Exercise data:

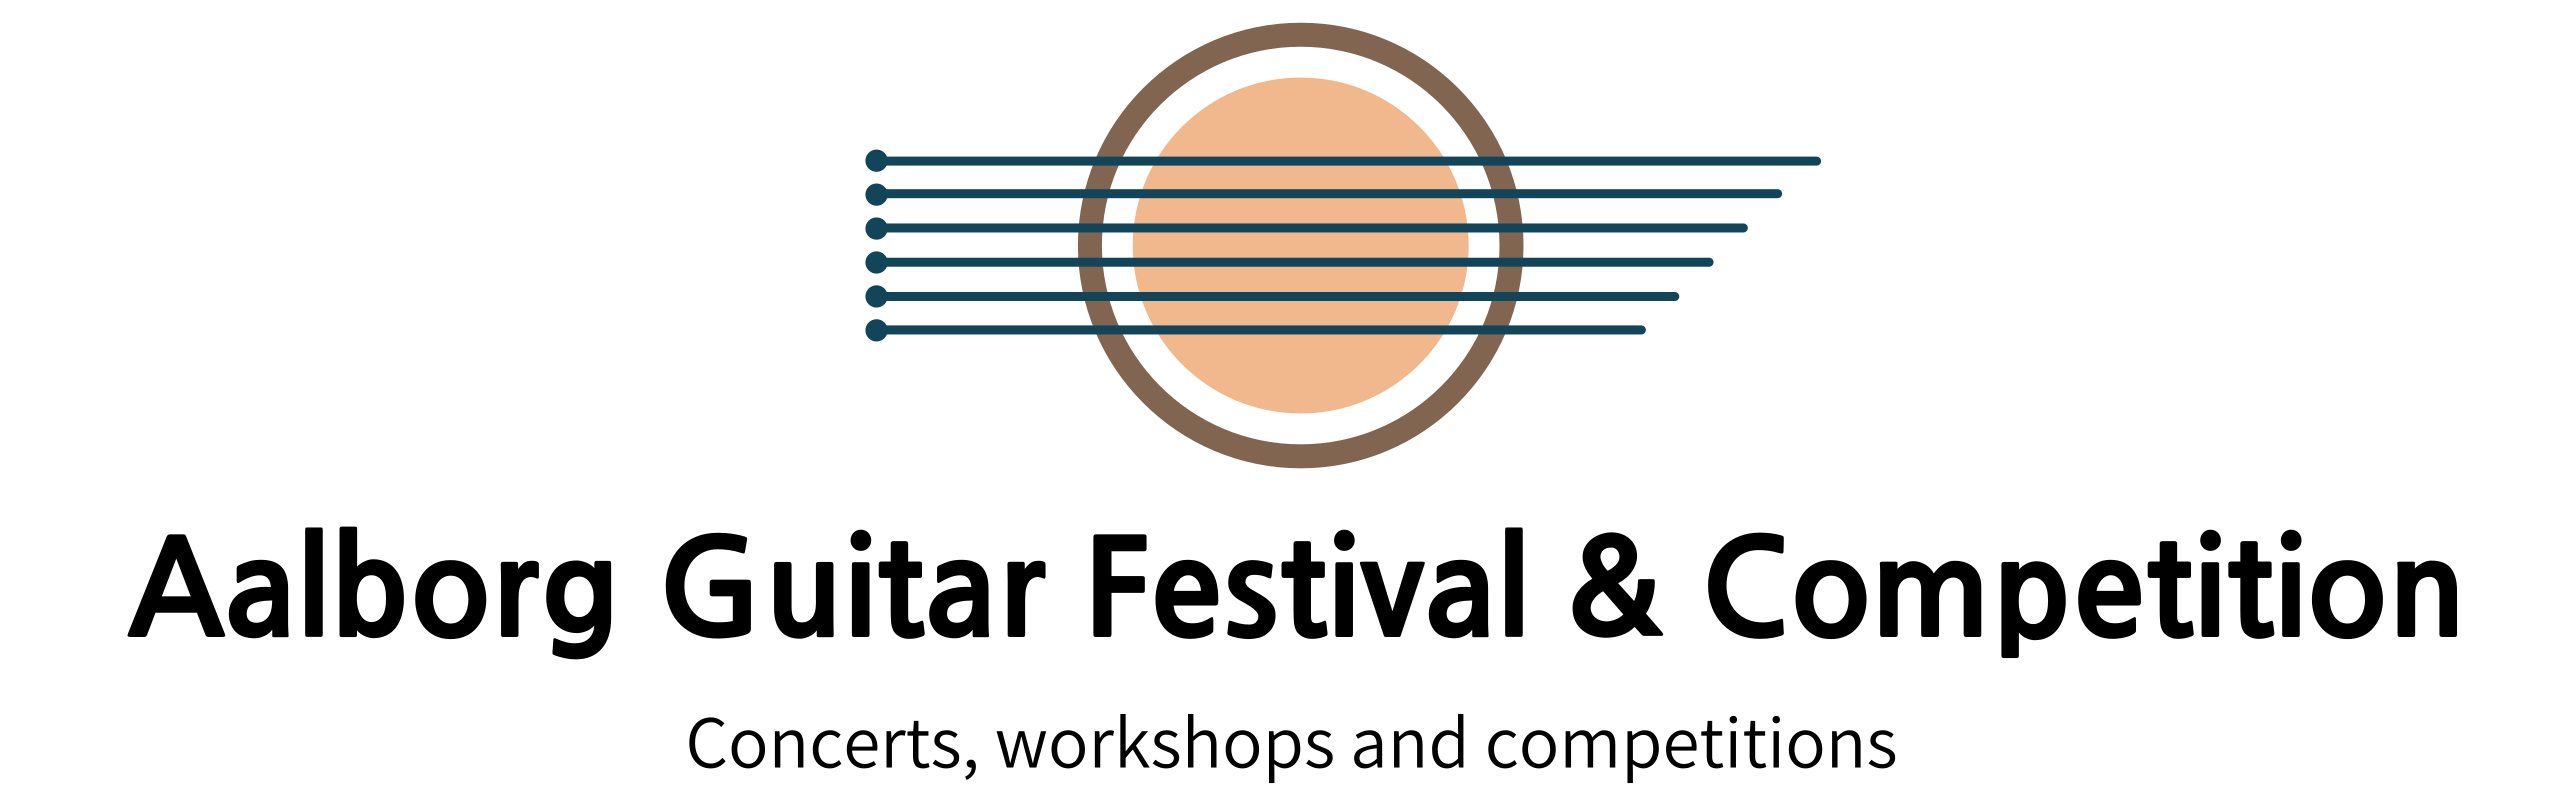 Komponist Konkurrence - image Transparent-Logo3 on https://aalborgguitarfestival.com
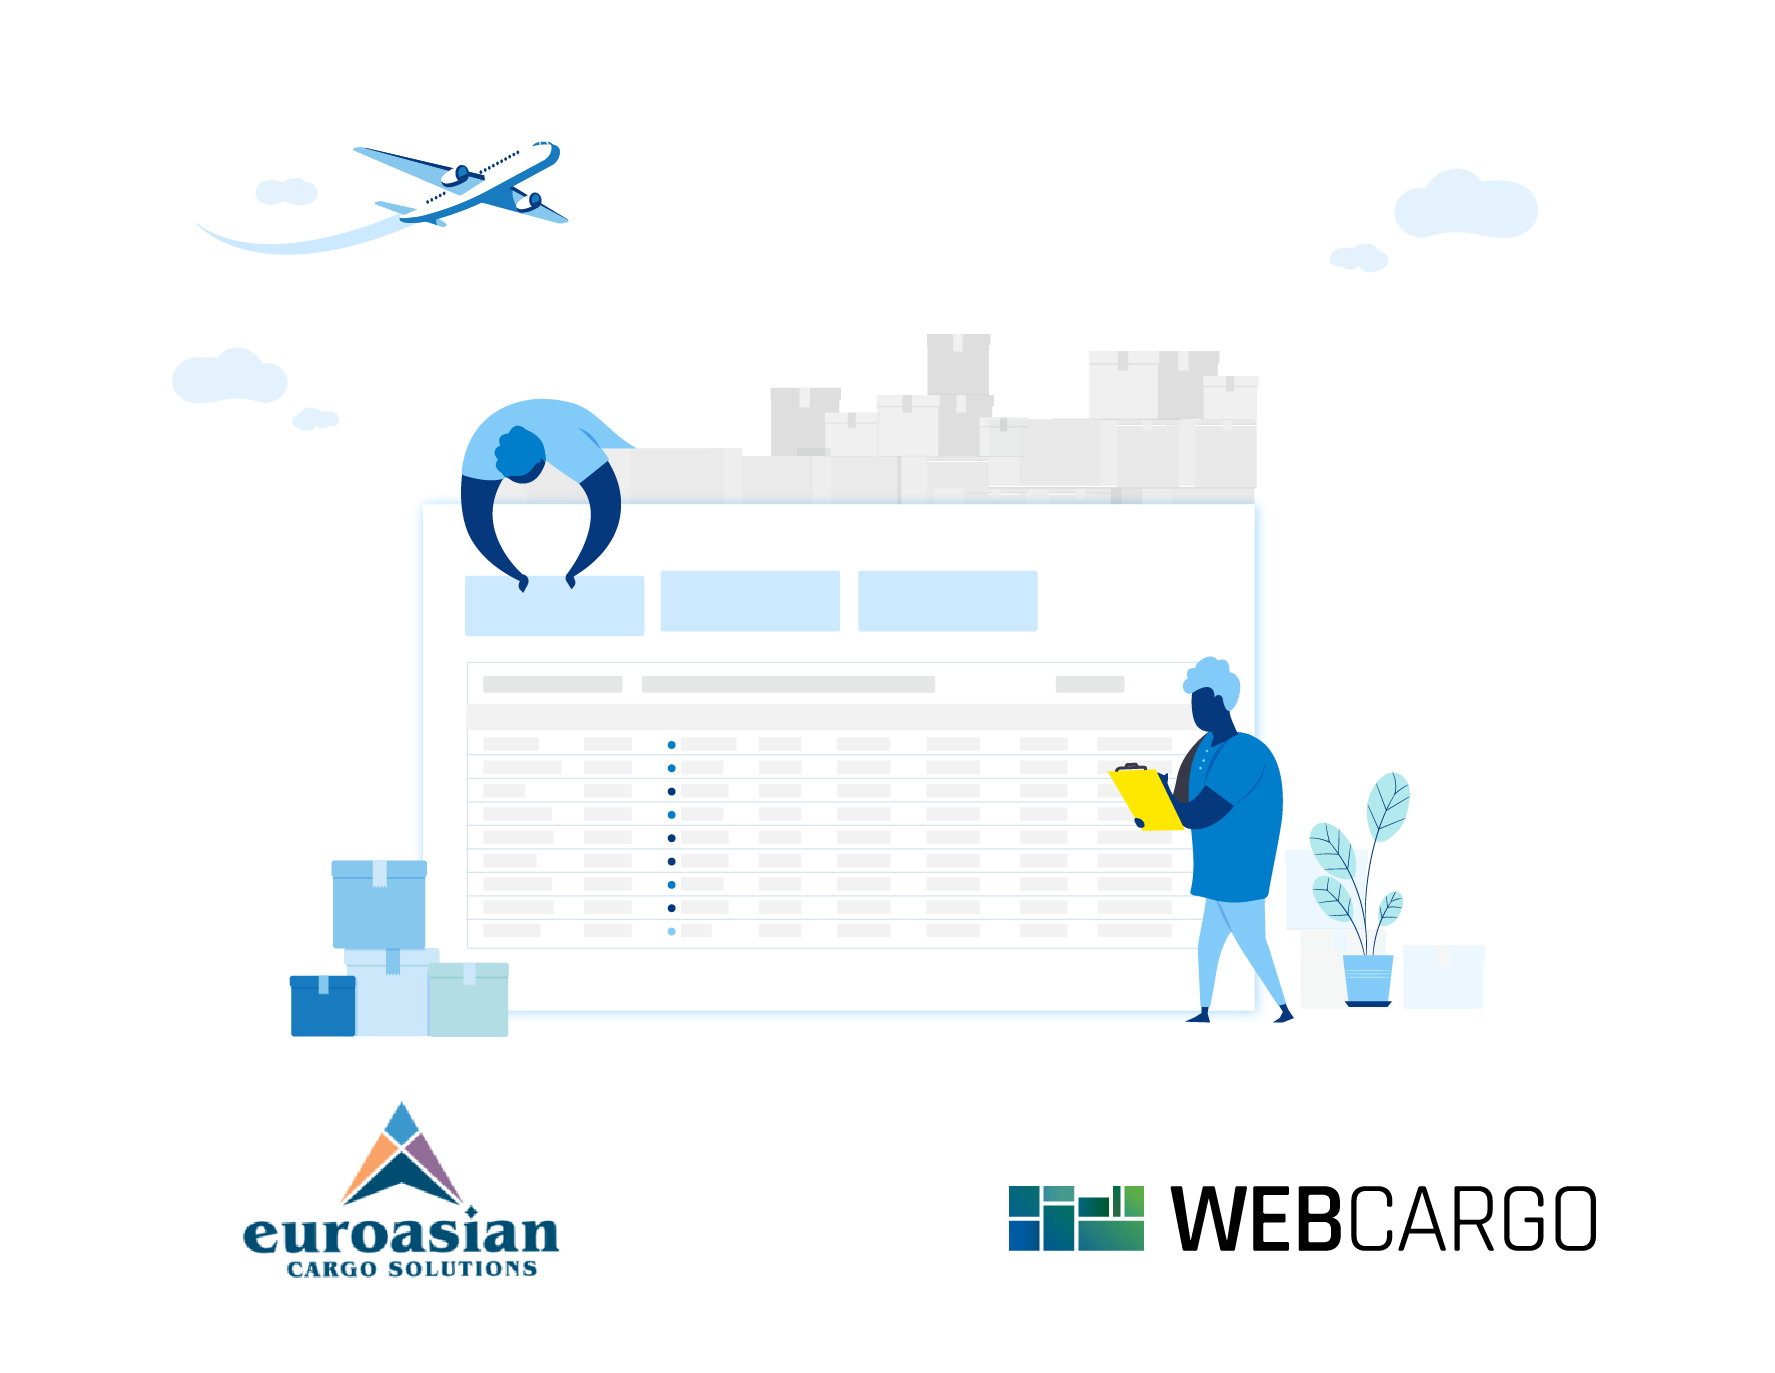 WebCargo and Euroasian partnership
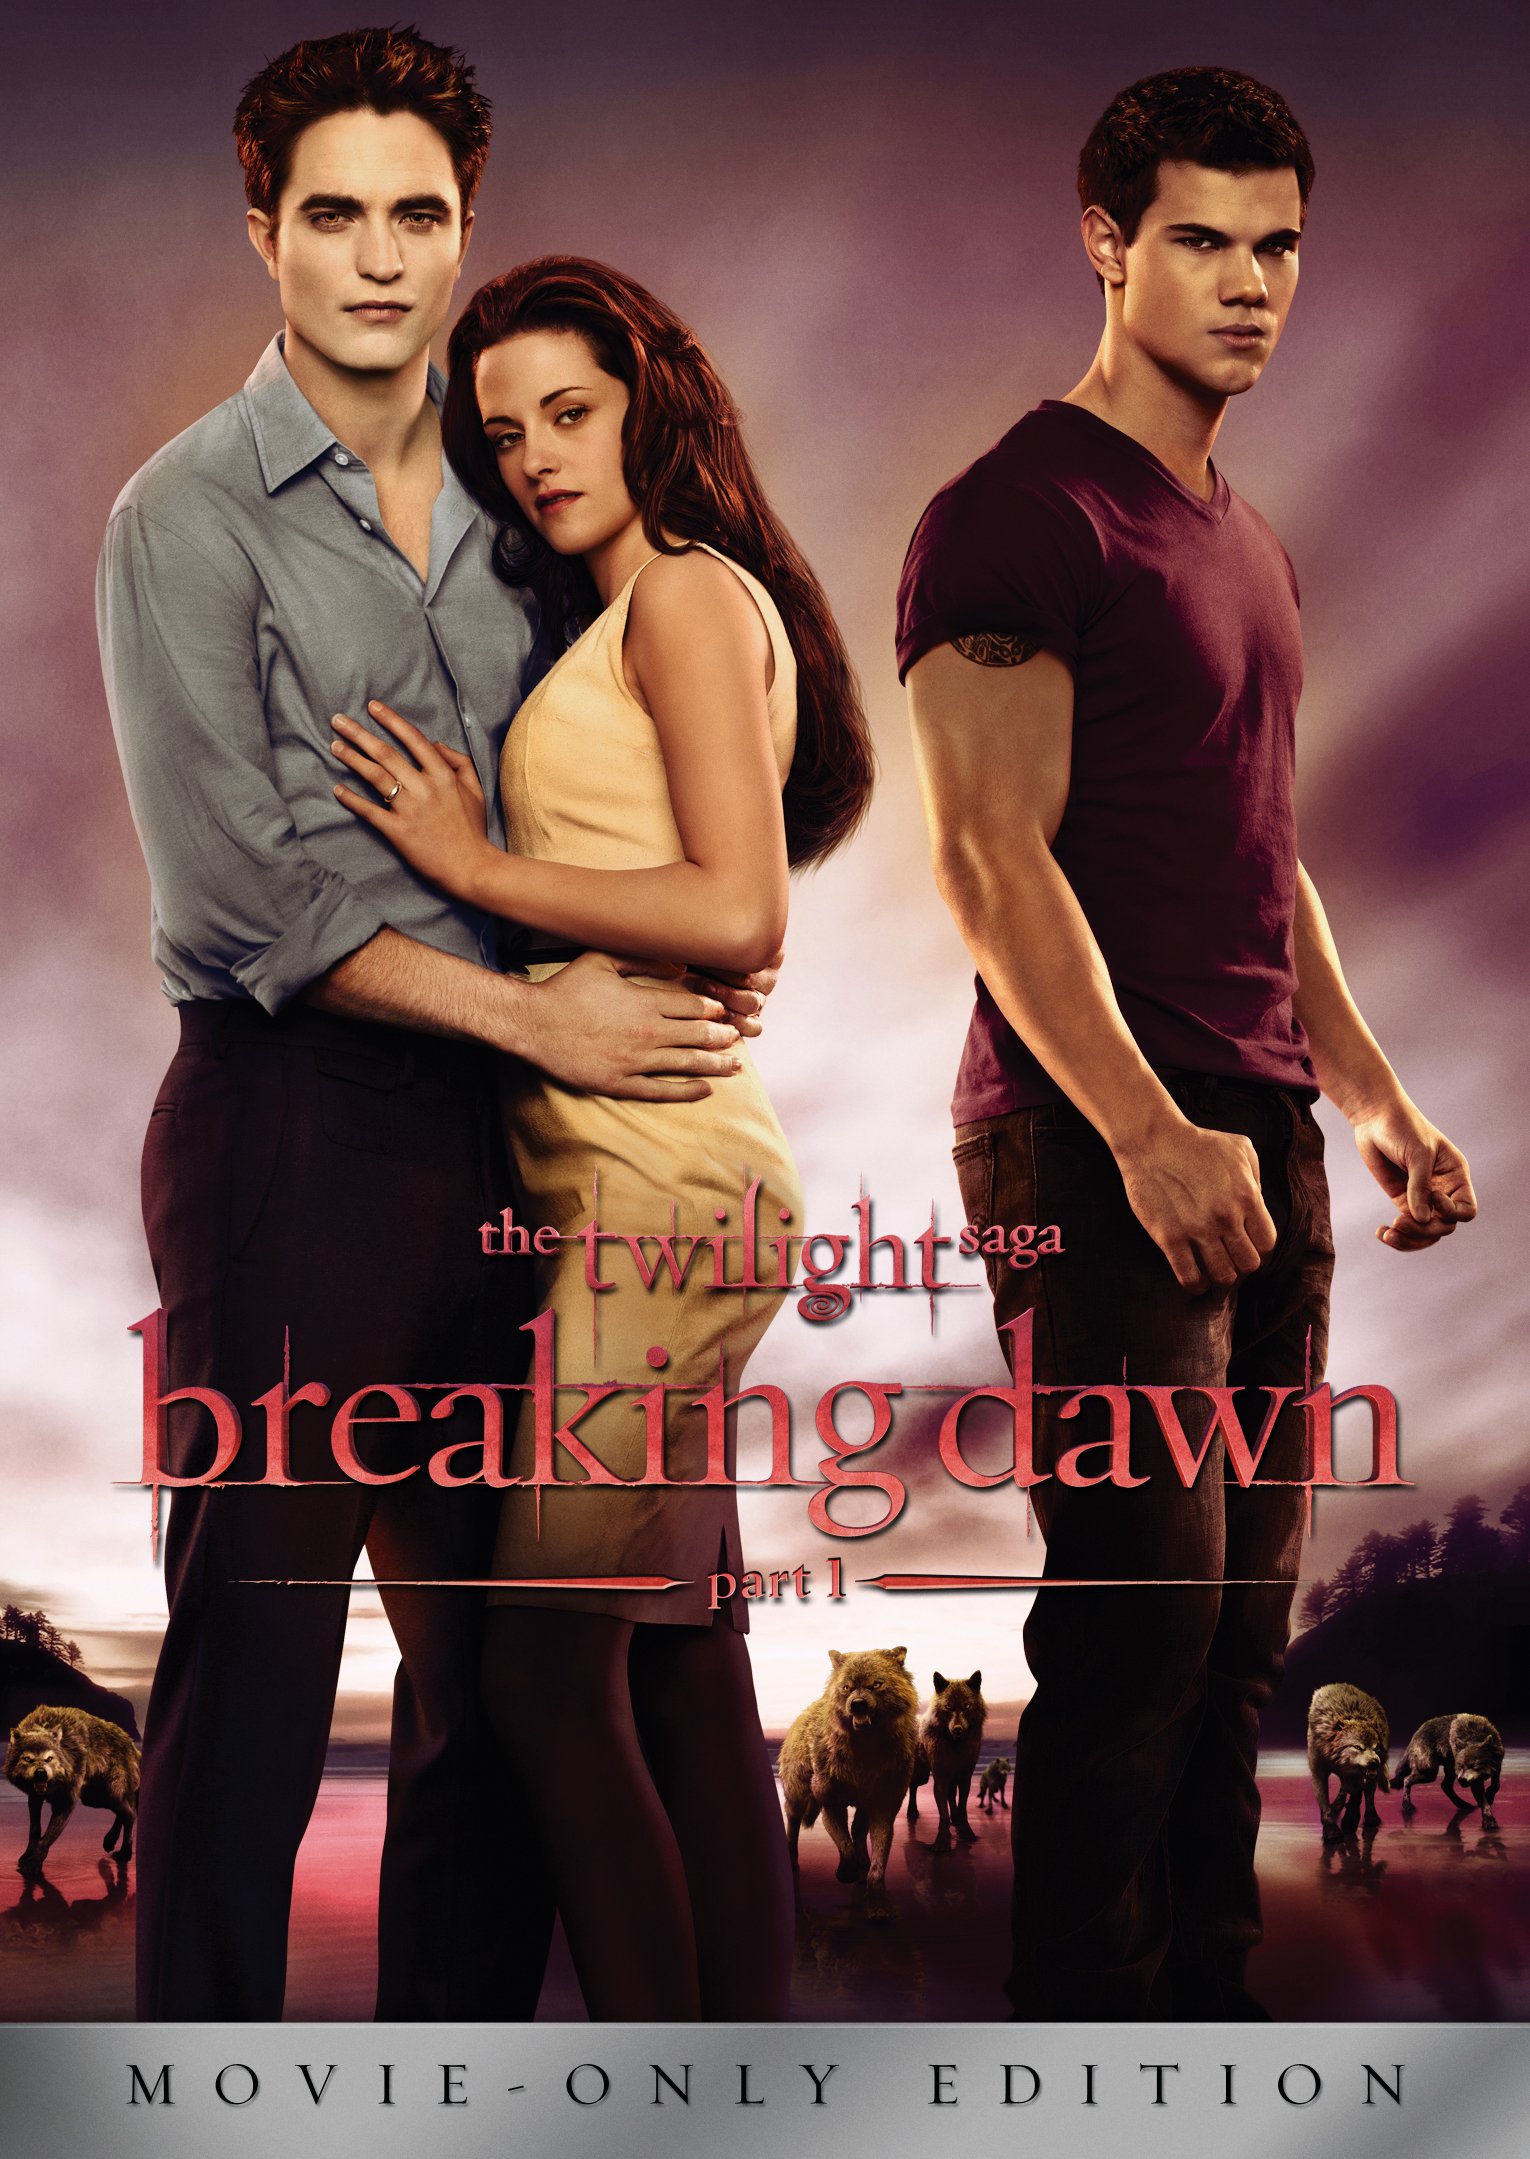 The Twilight Saga: Breaking Dawn - Part 1 DVD Release Date February 11, 2012

What you should do: Begin with the line that contains "WebCargo and Euroasian partnership" and copy every line through the end of the listing, exactly as written, both ends included. Pictures are not part of the copy.

Completed task:
 WebCargo and Euroasian partnership
 The Twilight Saga: Breaking Dawn - Part 1 DVD Release Date February 11, 2012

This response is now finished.